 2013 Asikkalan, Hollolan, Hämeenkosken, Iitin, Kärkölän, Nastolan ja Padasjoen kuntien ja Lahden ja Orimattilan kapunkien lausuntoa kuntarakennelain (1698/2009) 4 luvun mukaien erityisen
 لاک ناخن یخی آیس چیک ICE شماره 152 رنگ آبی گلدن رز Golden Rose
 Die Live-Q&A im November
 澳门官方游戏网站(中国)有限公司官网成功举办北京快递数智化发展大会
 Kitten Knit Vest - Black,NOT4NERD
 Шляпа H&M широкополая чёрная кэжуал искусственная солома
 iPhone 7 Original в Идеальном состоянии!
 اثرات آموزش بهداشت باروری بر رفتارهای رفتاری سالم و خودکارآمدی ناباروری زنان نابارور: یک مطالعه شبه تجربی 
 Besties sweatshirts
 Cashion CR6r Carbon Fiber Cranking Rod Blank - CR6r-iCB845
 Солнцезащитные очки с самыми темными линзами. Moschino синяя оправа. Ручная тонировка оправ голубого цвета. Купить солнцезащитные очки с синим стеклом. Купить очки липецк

————

■ What you have to do
Set down each line from the line containing "اثرات آموزش بهداشت" through the final line of the data, exactly and with nothing added.

■ Output for this task
 اثرات آموزش بهداشت باروری بر رفتارهای رفتاری سالم و خودکارآمدی ناباروری زنان نابارور: یک مطالعه شبه تجربی 
 Besties sweatshirts
 Cashion CR6r Carbon Fiber Cranking Rod Blank - CR6r-iCB845
 Солнцезащитные очки с самыми темными линзами. Moschino синяя оправа. Ручная тонировка оправ голубого цвета. Купить солнцезащитные очки с синим стеклом. Купить очки липецк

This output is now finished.